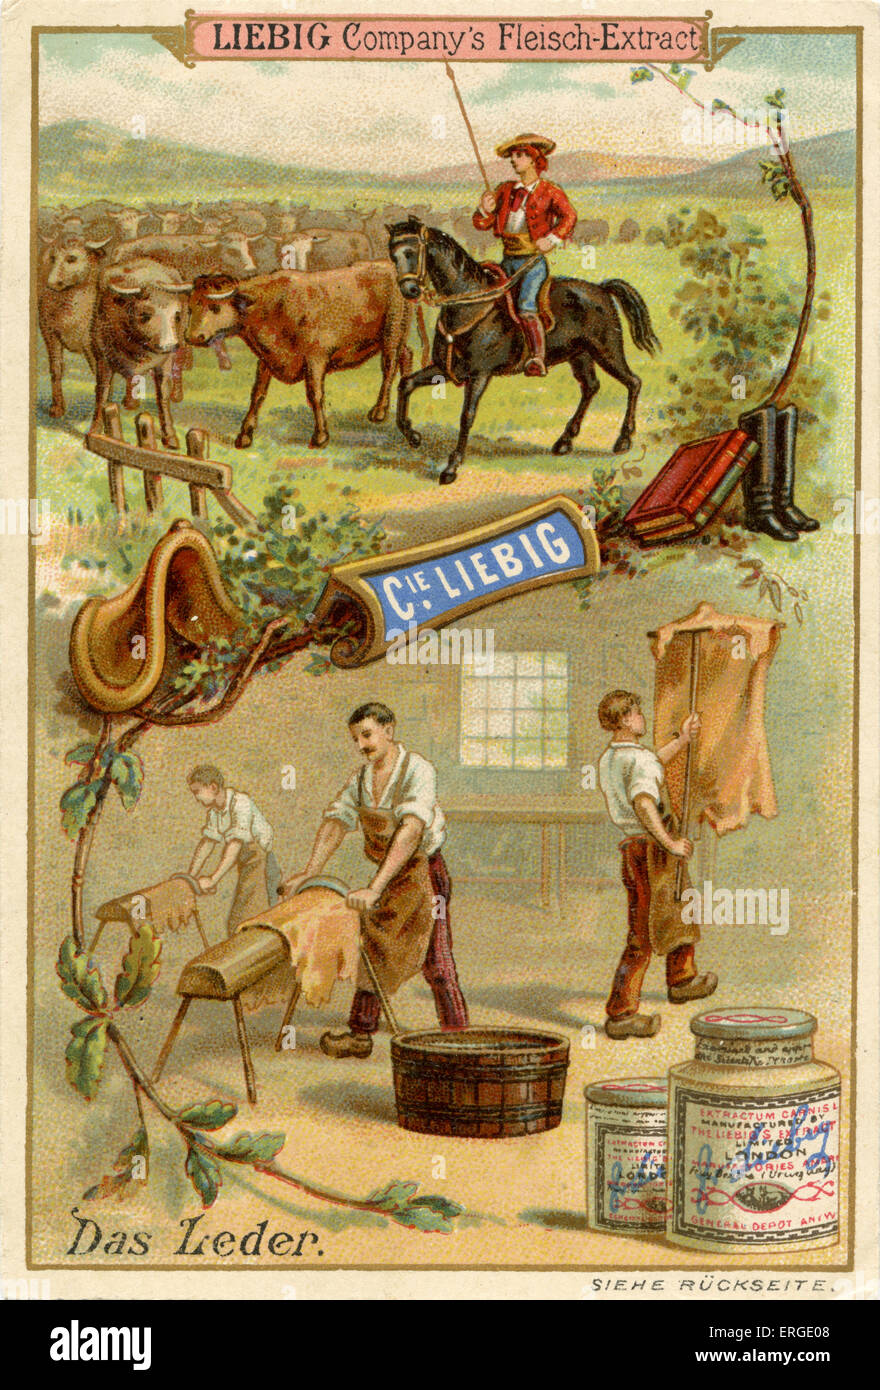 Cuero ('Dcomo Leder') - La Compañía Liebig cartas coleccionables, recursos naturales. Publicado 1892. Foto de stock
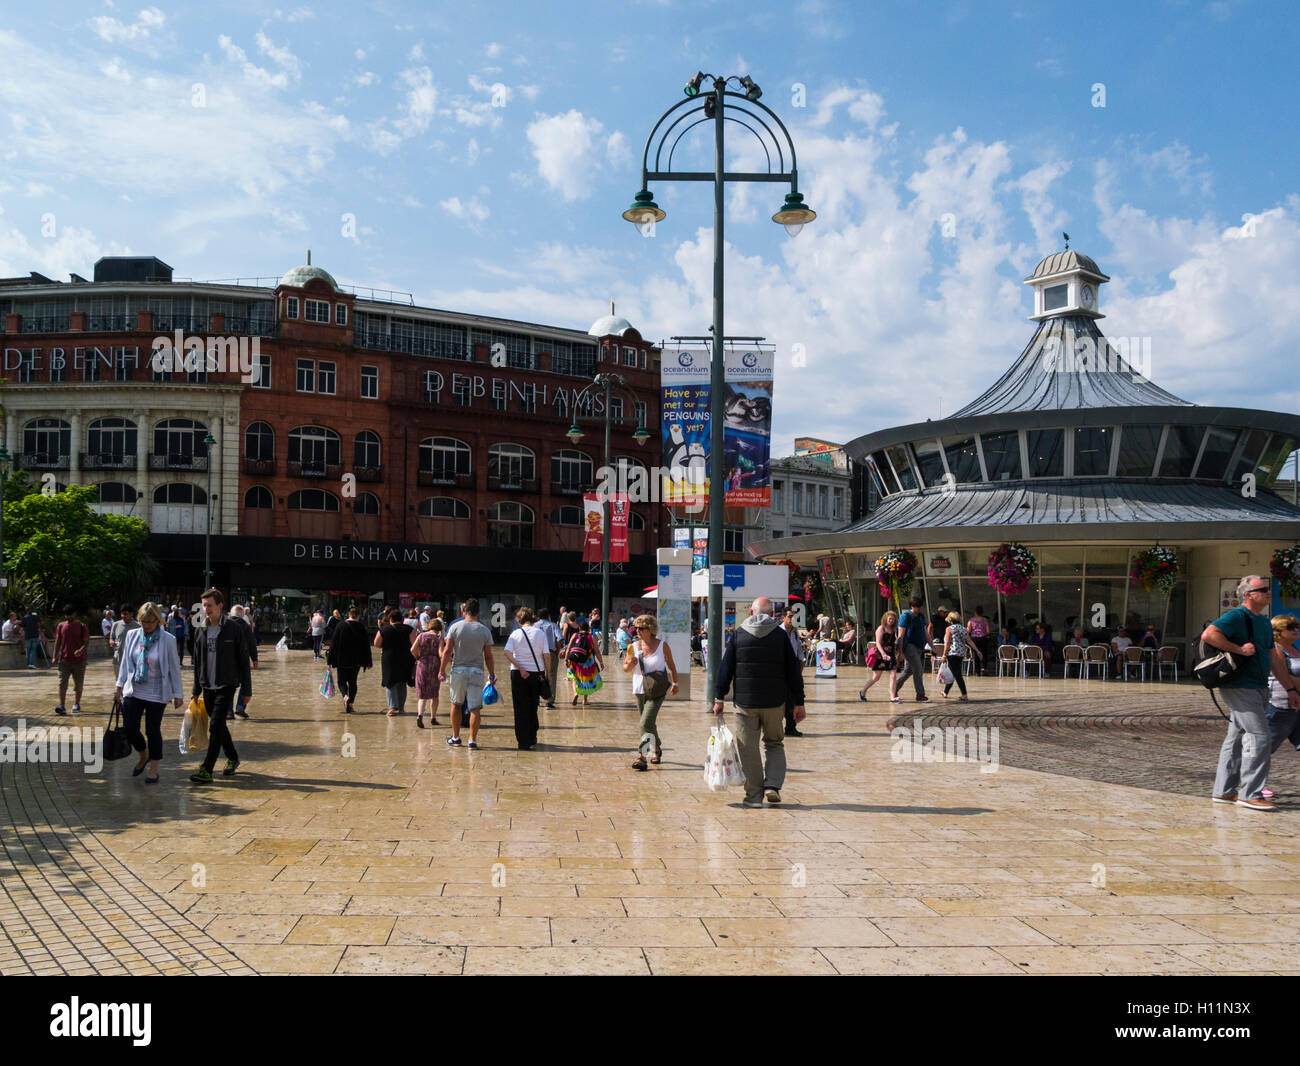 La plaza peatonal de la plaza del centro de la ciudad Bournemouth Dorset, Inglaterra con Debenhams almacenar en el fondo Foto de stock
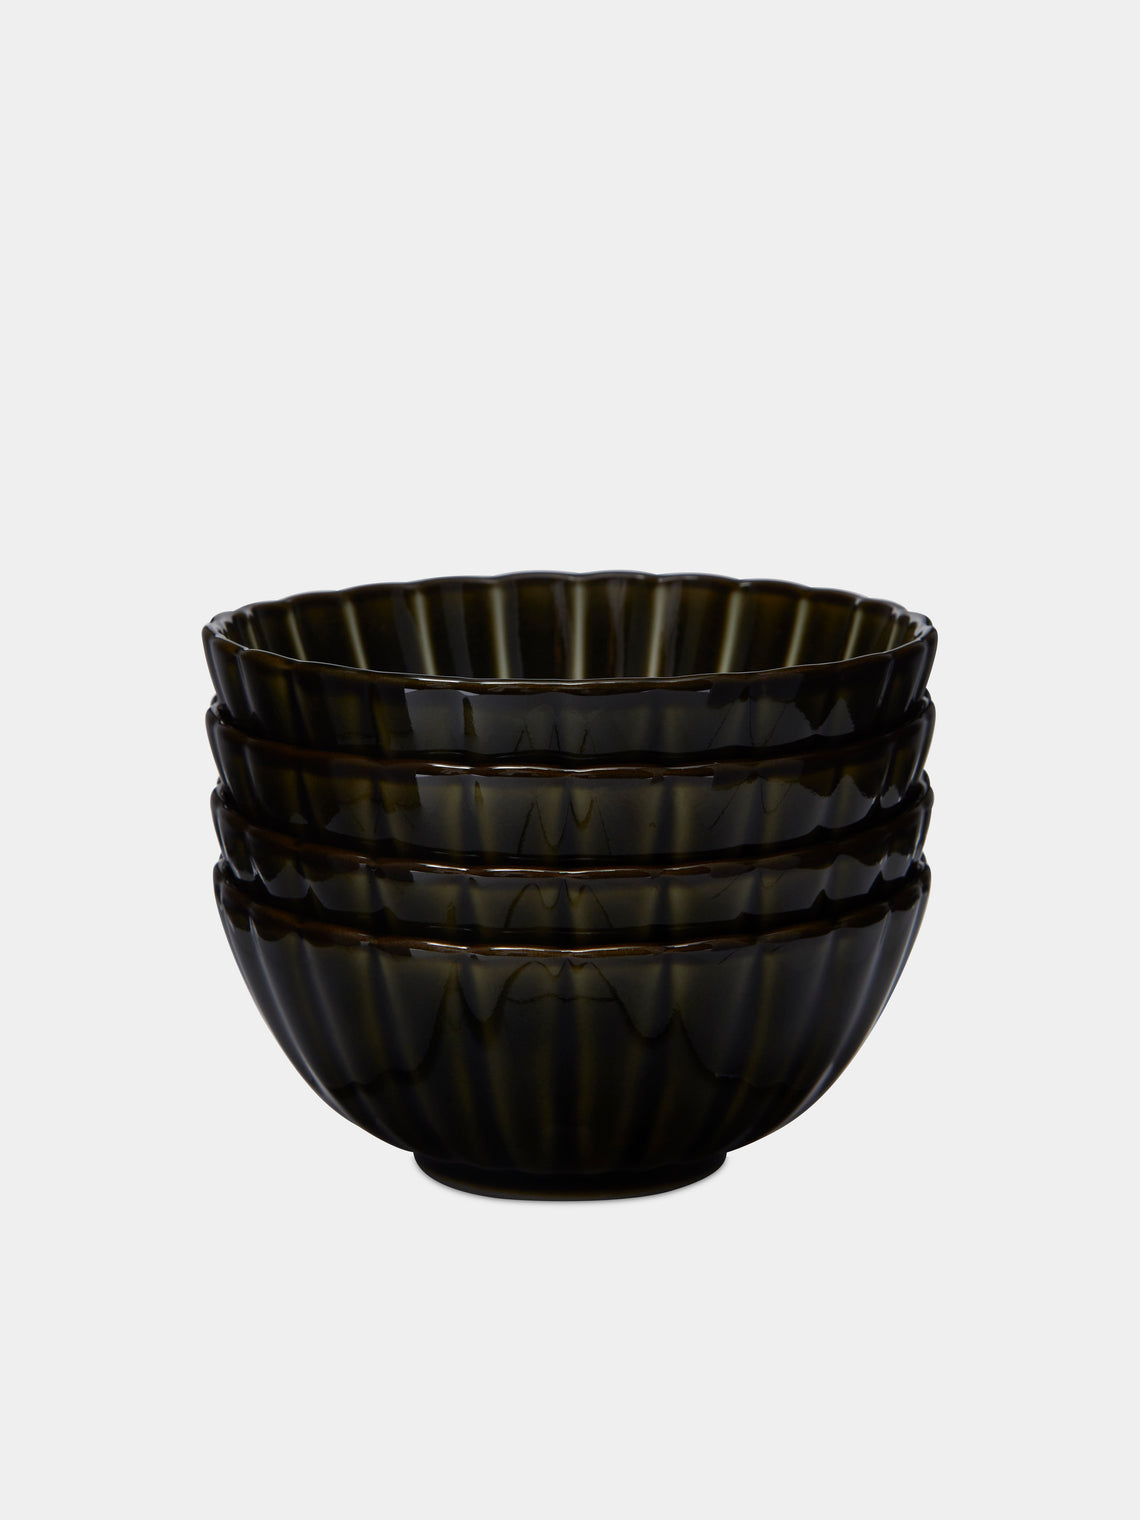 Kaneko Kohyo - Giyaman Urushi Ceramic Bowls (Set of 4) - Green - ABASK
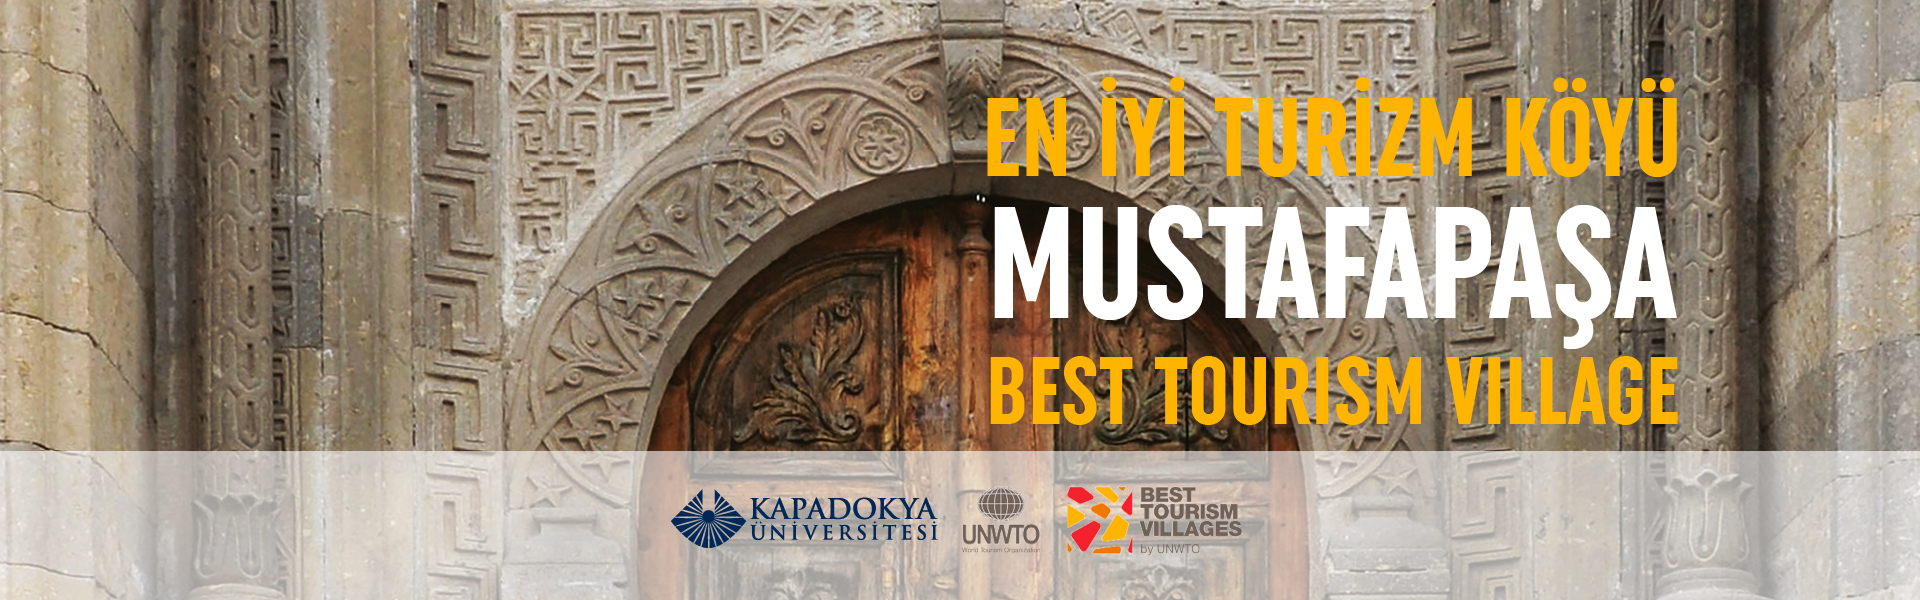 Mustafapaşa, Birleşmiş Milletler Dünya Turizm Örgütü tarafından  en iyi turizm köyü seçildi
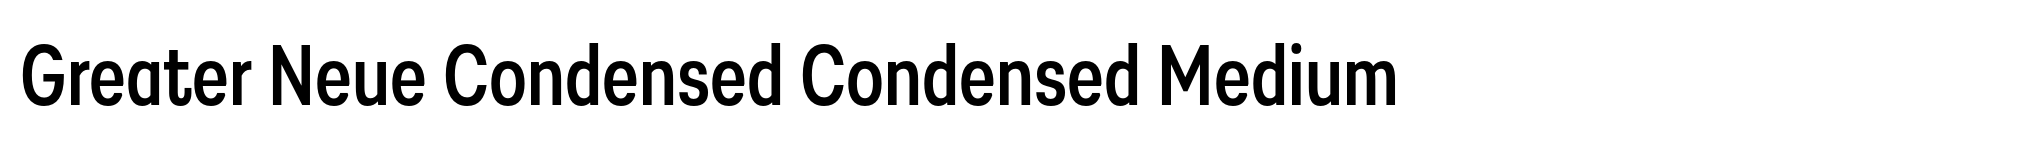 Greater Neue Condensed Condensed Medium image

-- About this exercise --
Every line of the listing is to be repeated exactly, and the pictures are to be dropped.

-- Reply --
 Cuero ('Dcomo Leder') - La Compañía Liebig cartas coleccionables, recursos naturales. Publicado 1892. Foto de stock
 La plaza peatonal de la plaza del centro de la ciudad Bournemouth Dorset, Inglaterra con Debenhams almacenar en el fondo Foto de stock
 Kaneko Kohyo - Giyaman Urushi Ceramic Bowls (Set of 4) - Green - ABASK
 Mustafapaşa, Birleşmiş Milletler Dünya Turizm Örgütü tarafından  en iyi turizm köyü seçildi
 Greater Neue Condensed Condensed Medium image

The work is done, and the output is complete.